I tried to approach the problem from two directions:

First:

Create the key with the SecKeyCreateRandomKey, mark in the attributes that I want to protect the key with secure enclave and also mark that I want the private key to be kSecAttrIsPermanent so it is automatically saved in the keychain
The SecKeyCreateRandomKey returns a SecKey which is a reference to the private key from the keychain
(!) Unfortunately I haven't found a clean way to convert a SecKey to a -> SecureEnclave.P256.Signing.PrivateKey
There is a workaround to SecKeyCopyAttributes of the private key and to extract the bytes from the attributes["toid"], but I guess it's not safe to use an undocumented key ("toid") if there is no constant defined to it (the name could be changed in future releases)

Second approach:

Create a SecureEnclave.P256.Signing.PrivateKey
Create the Certificate using the swift-certificates
The created private key is protected by the secure enclave but it's not added automatically to the keychain so we should add it to can query after that the SecIdentity
(!) Unfortunately I haven't found a way to convert the SecureEnclave.P256.Signing.PrivateKey to -> SecKey.
There are threads which say that the SecKeyCreateWithData(...) helps us, but unfortunately if we set the kSecAttrTokenIDSecureEnclave in the attribute dictionary, the method creates a brand new key for us, regardless the passed data. So the initial key will never be the same as the newly created SecKey. This we can see in the method's implementation.

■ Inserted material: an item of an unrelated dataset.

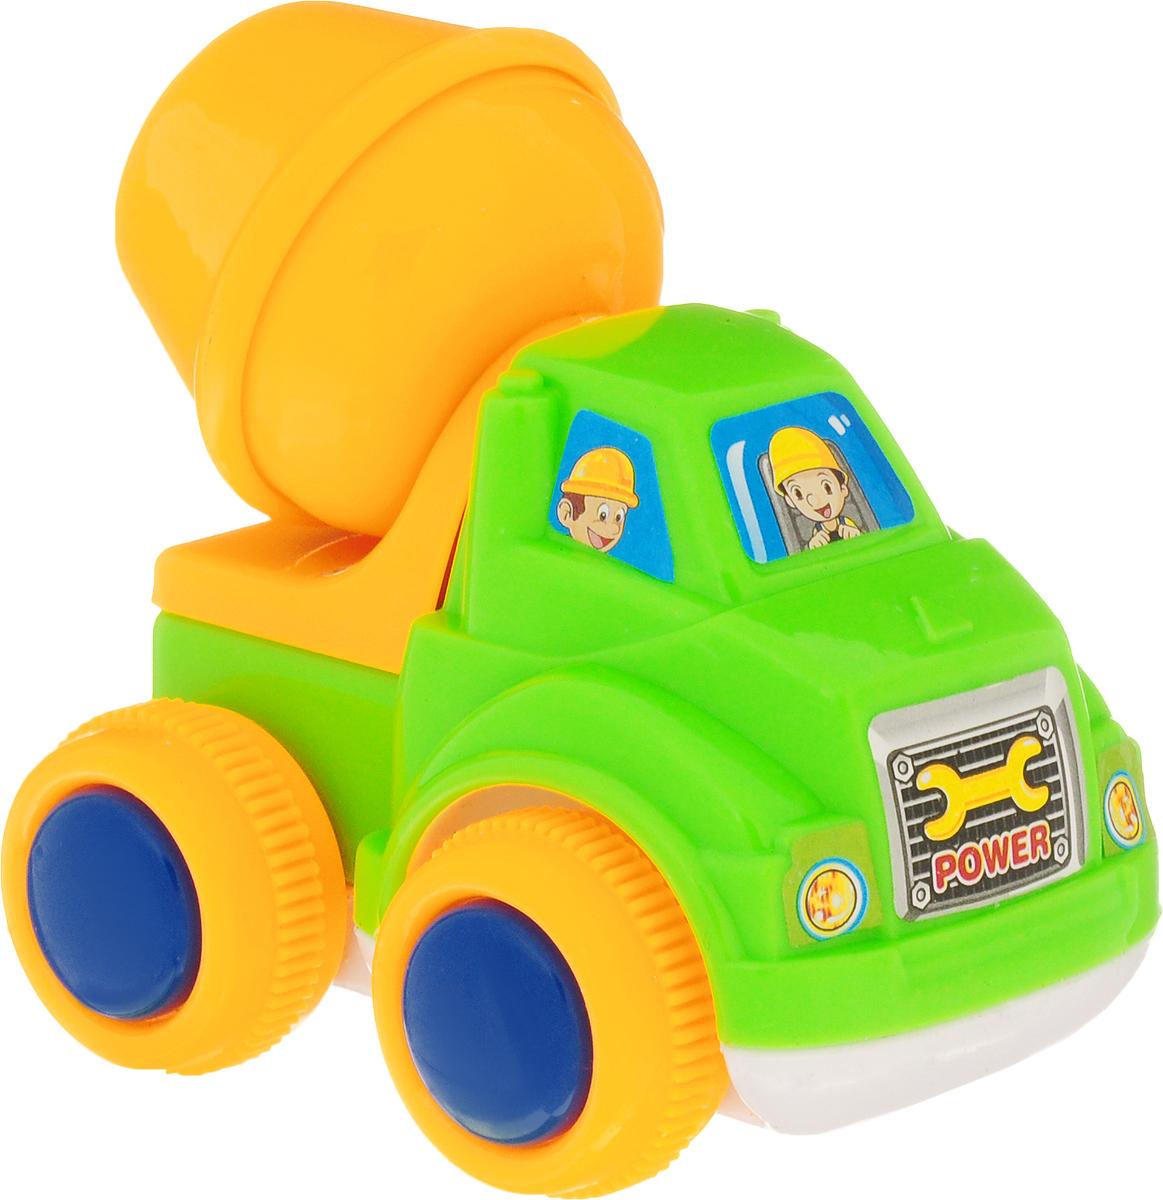 S+S Toys Бетономешалка инерционная s s toys набор для глажки

So I got stuck with both approaches because seemingly there is no clean way to switch between SecureEnclave.P256.Signing.PrivateKey and SecKey.

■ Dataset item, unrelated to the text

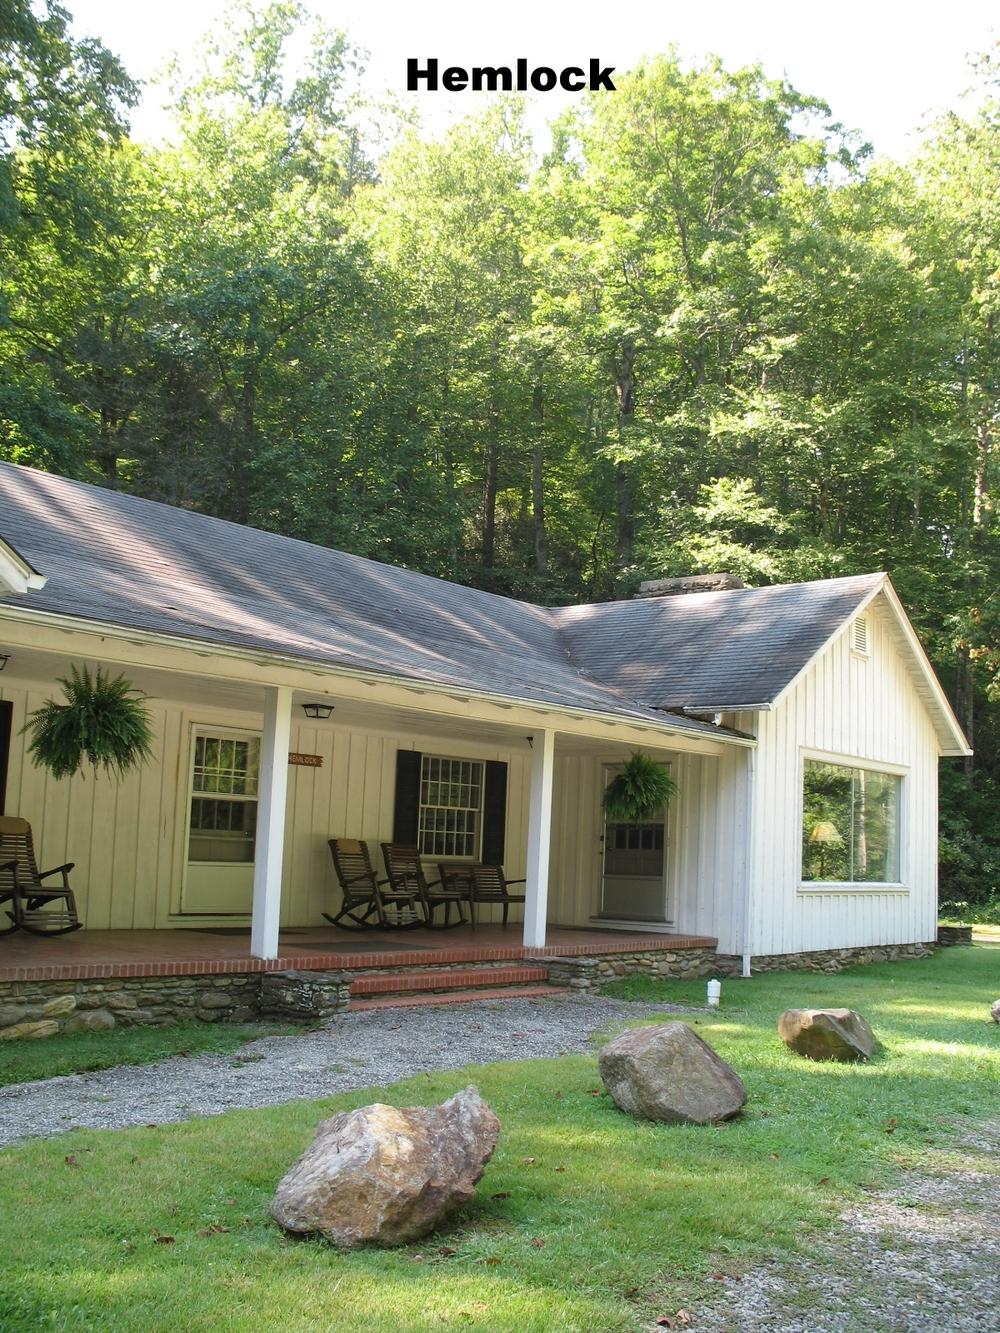 Hemlock Cabin.JPG

One solution would be to compose manually the certificate, without swift-certificates because like that we would not need a SecureEnclave.P256.Signing.PrivateKey object. But I would like to avoid the manual composition and signature calculation...

Anybody has any idea?

Boost

Answer 1

DTS Engineer OP

Apple

Jan ’24

the initial key will never be the same as the newly created SecKey.

Indeed. I just tried this here in my office. This code prints true:

let priv = P256.Signing.PrivateKey()
let privData = priv.x963Representation
let privRef = try secCall { SecKeyCreateWithData(privData as NSData, [
    kSecAttrKeyType: kSecAttrKeyTypeECSECPrimeRandom,
    kSecAttrKeyClass: kSecAttrKeyClassPrivate,
    kSecAttrKeySizeInBits: 256,
] as NSDictionary, $0) }

let pubRef = try secCall { SecKeyCopyPublicKey(privRef) }

let pubData = priv.publicKey.x963Representation
let pubRefData = try secCall { SecKeyCopyExternalRepresentation(pubRef, $0) } as Data

print(pubData == pubRefData)

but if you switch it over to an SE-protected key it prints false:

func testSE() throws {
    let priv = try SecureEnclave.P256.Signing.PrivateKey()
    let privData = priv.dataRepresentation
    let privRef = try secCall { SecKeyCreateWithData(privData as NSData, [
        kSecAttrKeyType: kSecAttrKeyTypeECSECPrimeRandom,
        kSecAttrKeyClass: kSecAttrKeyClassPrivate,
        kSecAttrKeySizeInBits: 256,
        kSecAttrTokenID: kSecAttrTokenIDSecureEnclave,
    ] as NSDictionary, $0) }

    let pubRef = try secCall { SecKeyCopyPublicKey(privRef) }
    
    let pubData = priv.publicKey.x963Representation
    let pubRefData = try secCall { SecKeyCopyExternalRepresentation(pubRef, $0) } as Data
    
    print(pubData == pubRefData)
}

Bummer.

A different developer pointed this out in another thread but I missed it )-:

Double bummer.

I encourage you to file an enhancement request for an API to make this work. Please post your bug number, just for the record.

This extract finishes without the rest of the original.